Democratic Rep. Barney Frank (who earned an Ethics Committee slap on the wrist in 1990 after using his congressional office to fix parking tickets for male prostitute Steven Gobie) was one of those leaders in the know. After voting for the resolution, he disclosed for the first time that Massa had invited one of his young staffers to dinner. "Although this was not an ethical violation," Frank said in a published statement, one of his senior staffers was informed of the dinner and alerted Massa's Chief of Staff Joe Racalto.

In other words: Frank's office knew it smelled illicit. And Frank would know.

Racalto went on to contact Pelosi's office directly in October. Tick, tick, tick. Five months later, Massa has professed his proclivity for tickle parties. Next came victim and witness accounts of Massa's alleged sexual assaults on his Navy underlings.

But Pelosi is pooh-poohing the scandal: "I have a job to do and not to be the receiver of rumors." Translation: Don't bother me with concerns about my members' indiscretions. I'm busy.

How quickly we've accelerated from the "most ethical" House ever to "See no evil, hear no evil, speak no evil."

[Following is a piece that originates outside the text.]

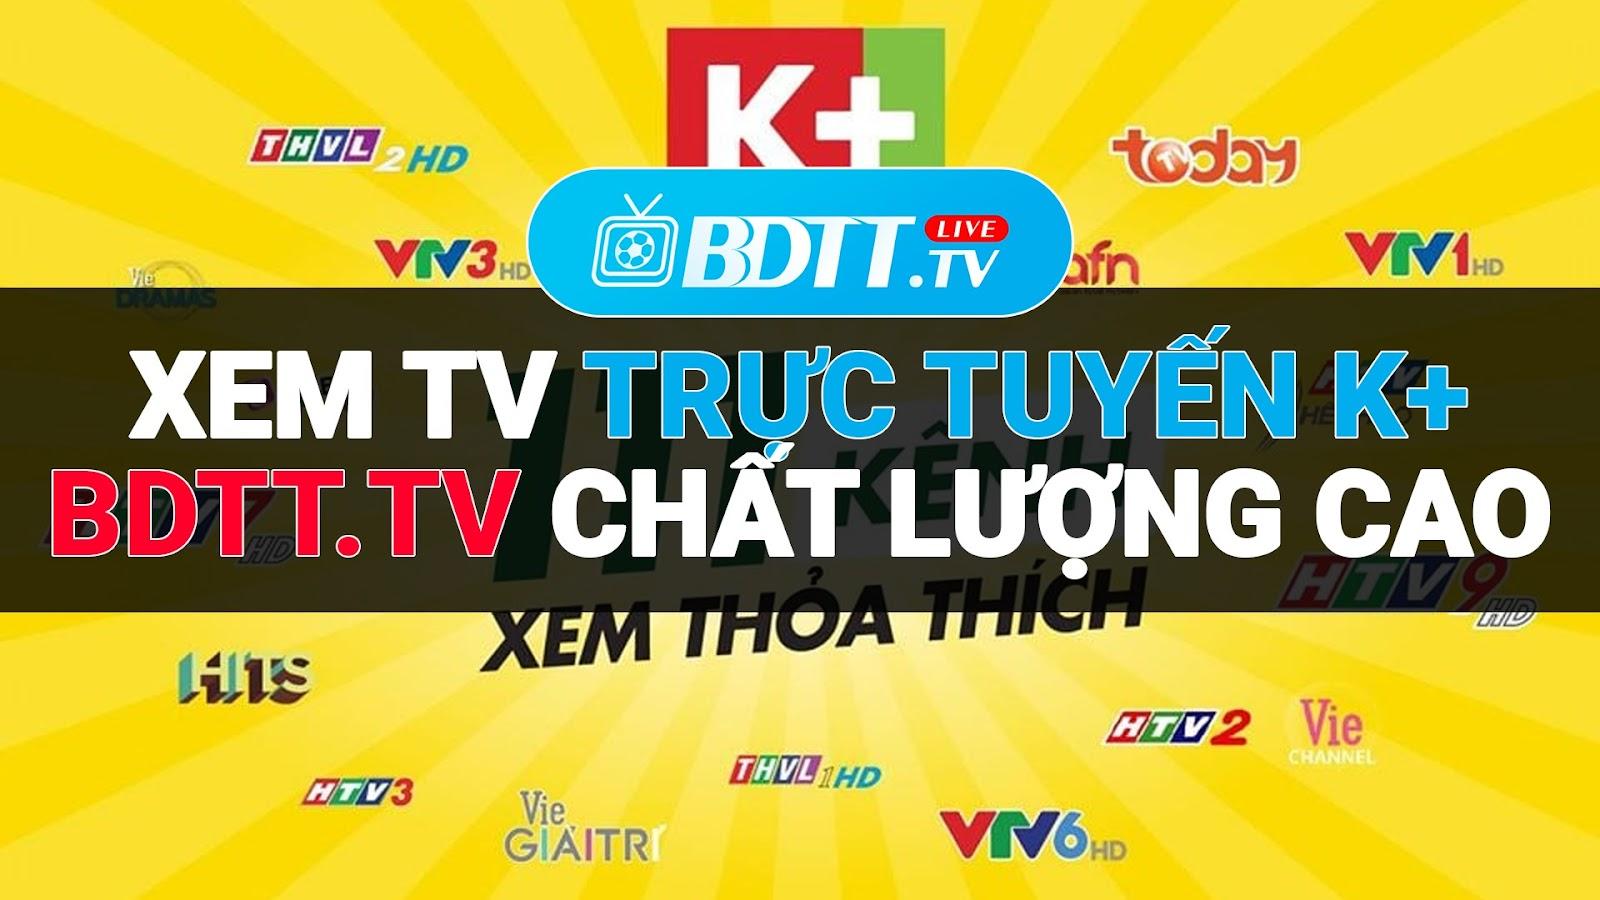 Nếu các bạn chưa chọn được kênh trực tiếp bóng đá nào ưng ý, thì hãy truy cập vào tham khảo ngay kênh BDTT.tv - Xem trực tiếp bóng đá miễn phí, được hình thành dựa trên sở thích và nhu cầu xem TV bóng đá trực tuyến tốt nhất hiện nay.

There was a time when Pelosi held House leaders to the highest standards and expectations in guarding young people working on Capitol Hill. During the GOP's Mark Foley scandal, she inveighed: "The children who work as pages in the Congress are members' special trust. Statements by the Republican leadership indicate that they violated this trust when they were made aware of the Internet stalking of an underage page by Mr. Foley and covered it up for six months to a year."

Yet she remains silent on the plight of the 20-somethings with whom Massa was keeping house under circumstances that rate an Ick Factor of 10-plus.

Deflecting accountability for her own office's violations of trust, Pelosi feigned sympathy for Massa and attributed his impaired ethical judgment to his medical condition (he has cancer). "Poor baby," she said through gritted teeth. He's "a very sick person." So what's her excuse?